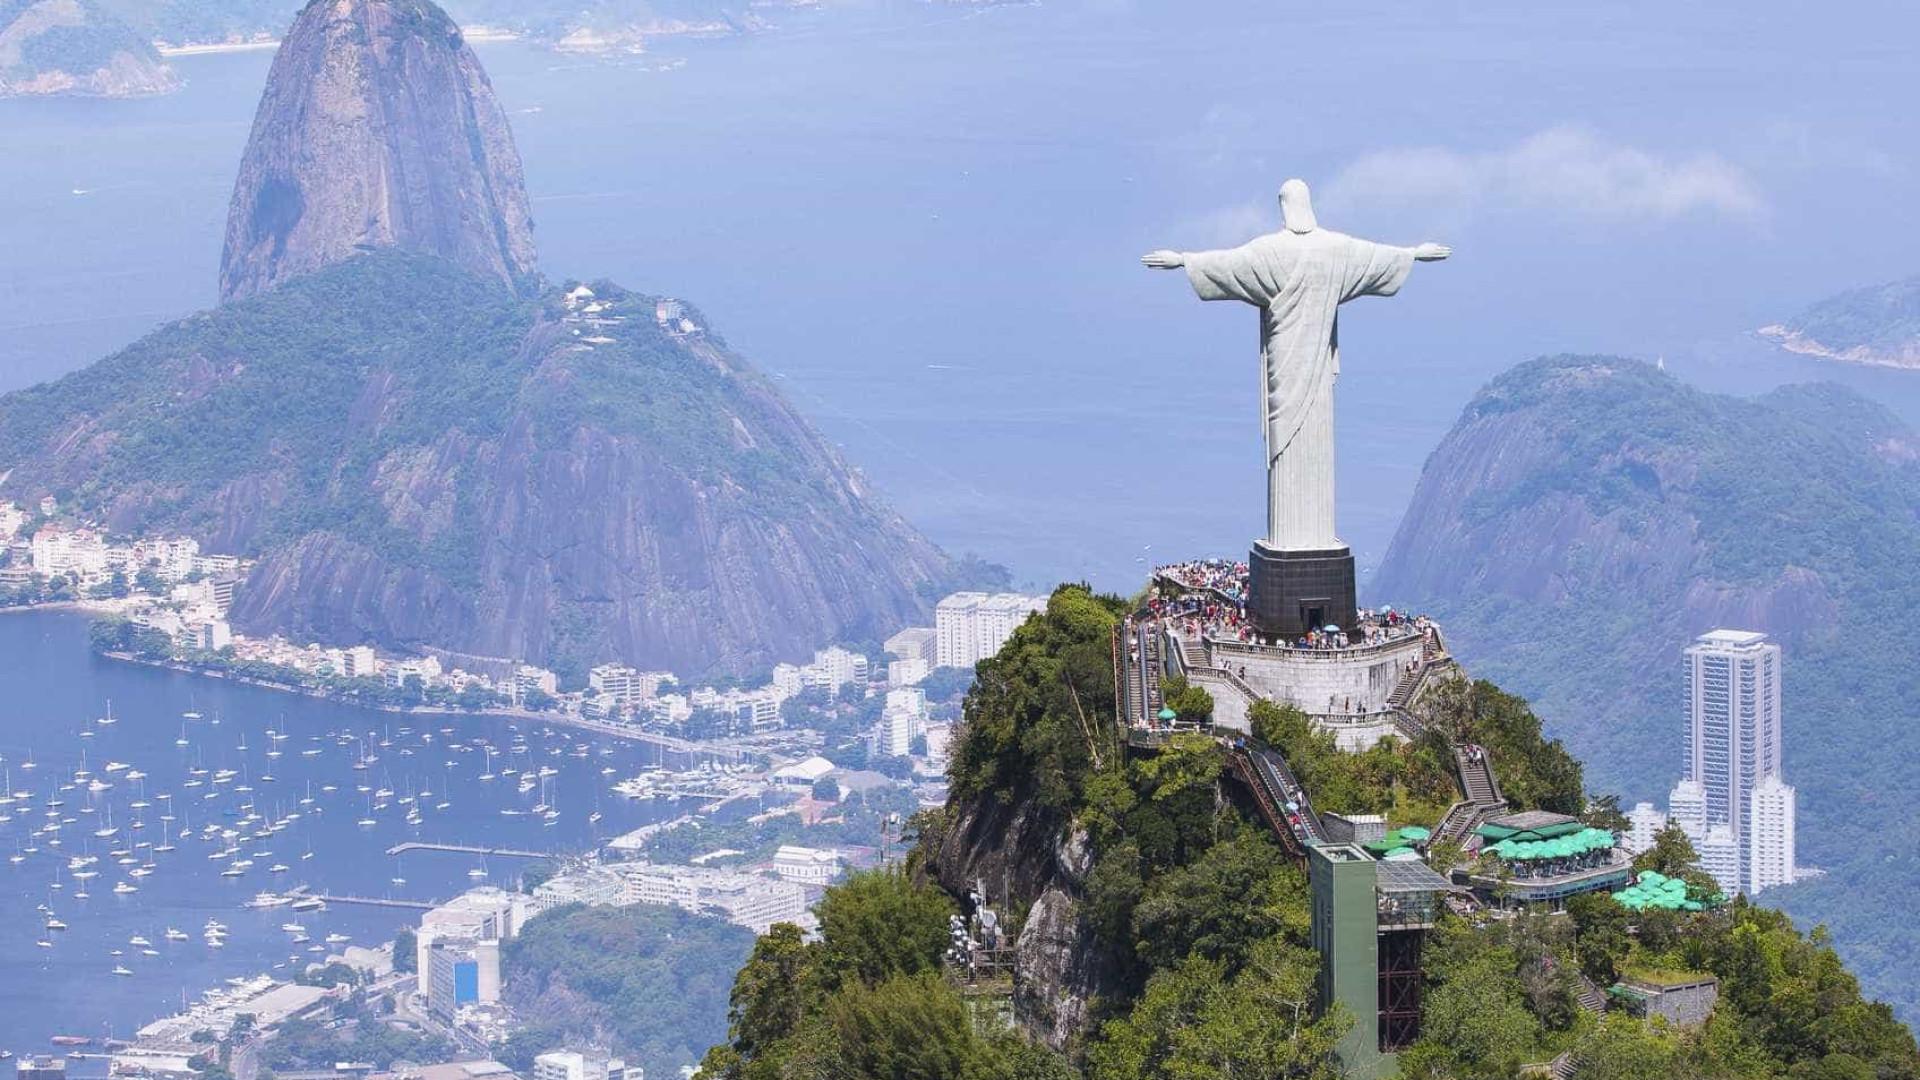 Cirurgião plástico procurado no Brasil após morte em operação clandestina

---

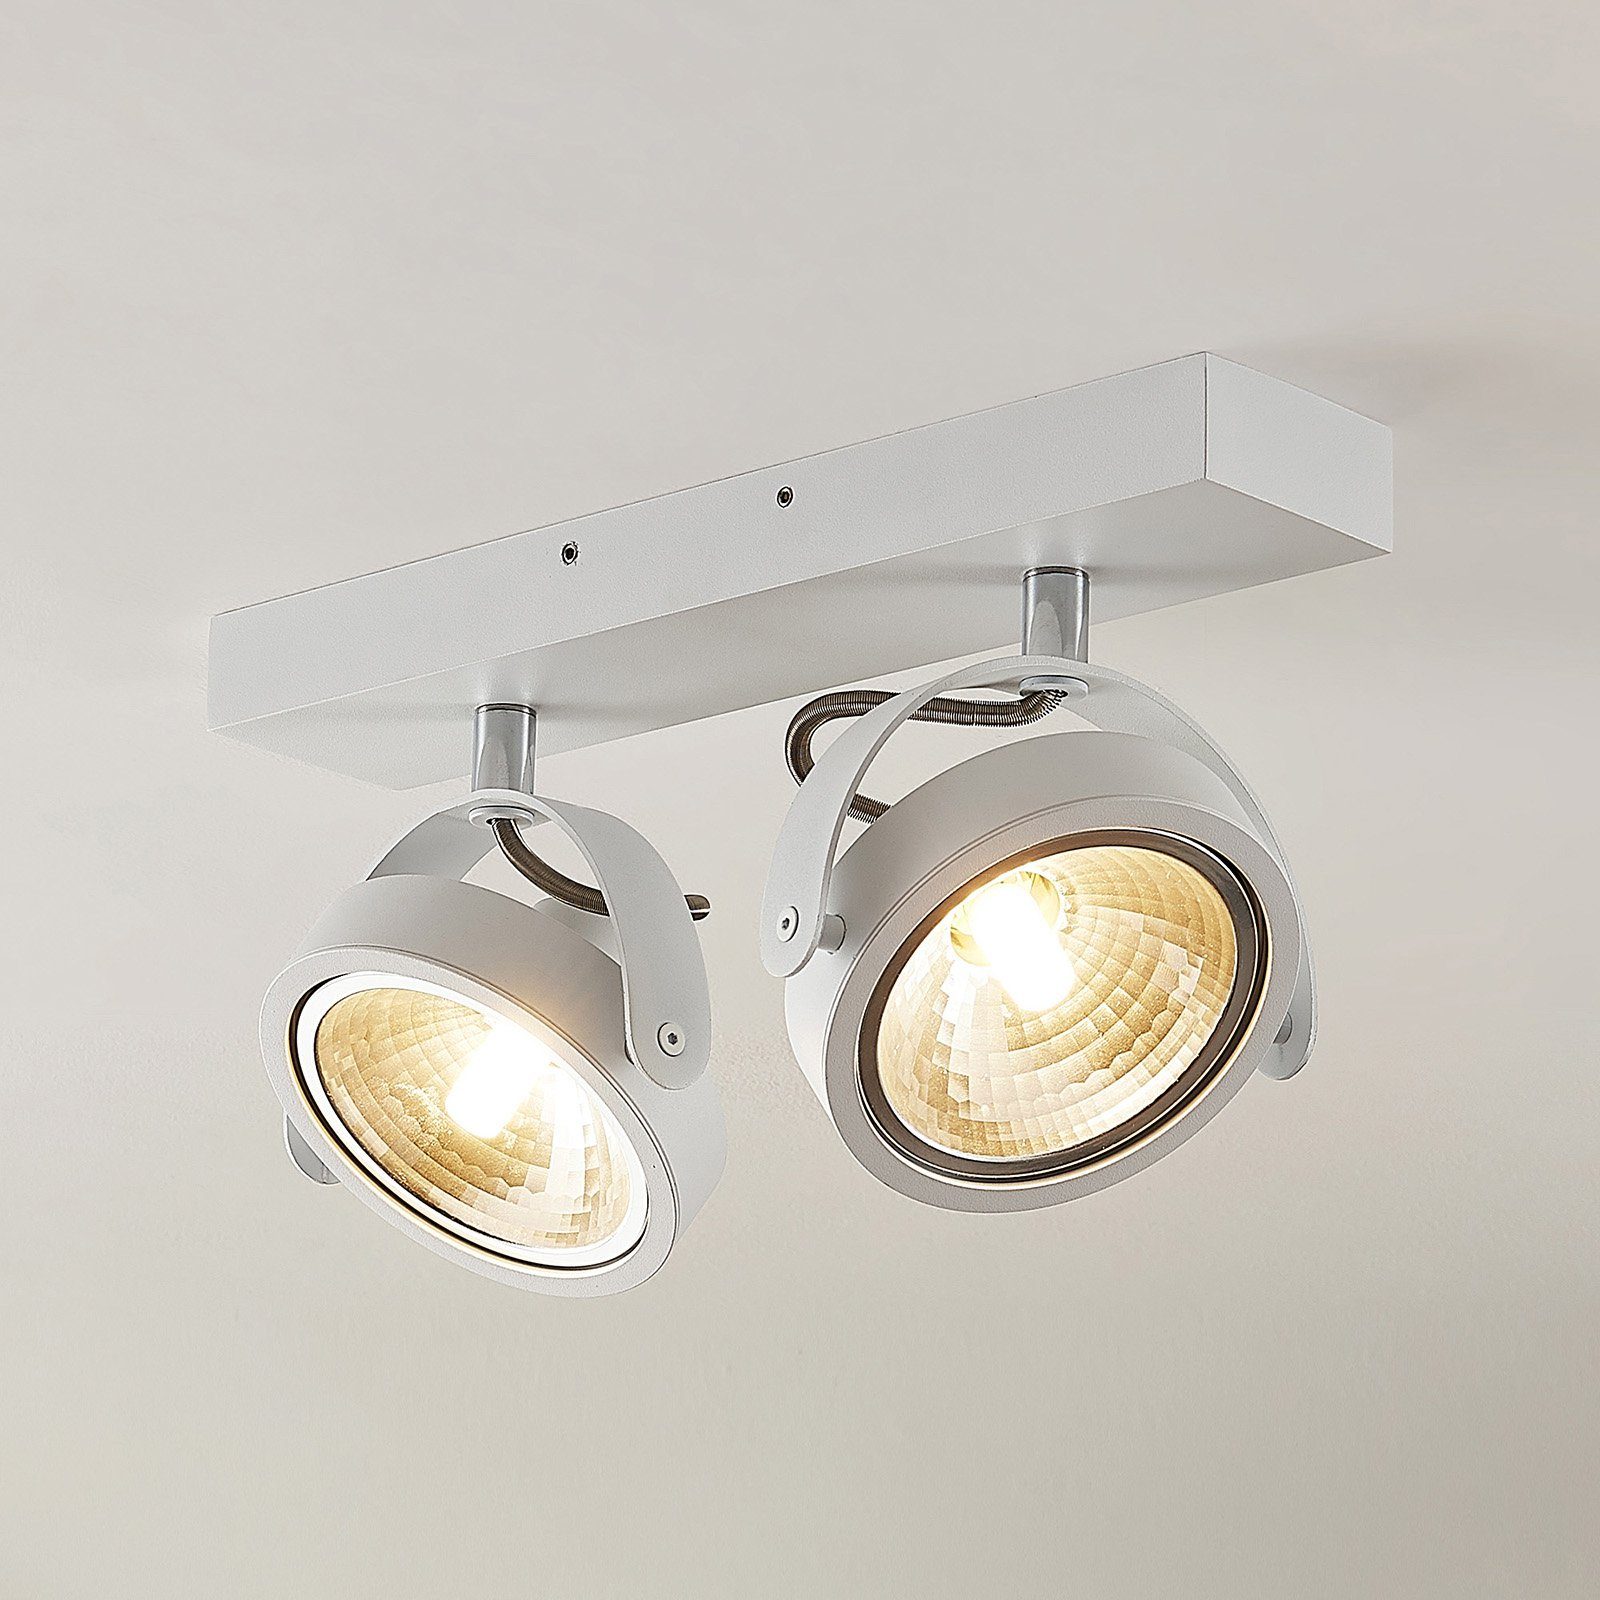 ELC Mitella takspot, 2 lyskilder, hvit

---

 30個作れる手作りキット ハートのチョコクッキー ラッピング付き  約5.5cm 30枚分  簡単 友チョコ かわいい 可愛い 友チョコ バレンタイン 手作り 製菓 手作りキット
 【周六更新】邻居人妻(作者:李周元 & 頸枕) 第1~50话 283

## Assigned task:
After locating the line holding "30個作れる手作りキット ハートのチョコクッキー ラッピング付き" above, output exactly that line and every line after it through the line holding "頸枕) 第1~50话 283". Include nothing else.

## Result of this exercise:
 30個作れる手作りキット ハートのチョコクッキー ラッピング付き  約5.5cm 30枚分  簡単 友チョコ かわいい 可愛い 友チョコ バレンタイン 手作り 製菓 手作りキット
 【周六更新】邻居人妻(作者:李周元 & 頸枕) 第1~50话 283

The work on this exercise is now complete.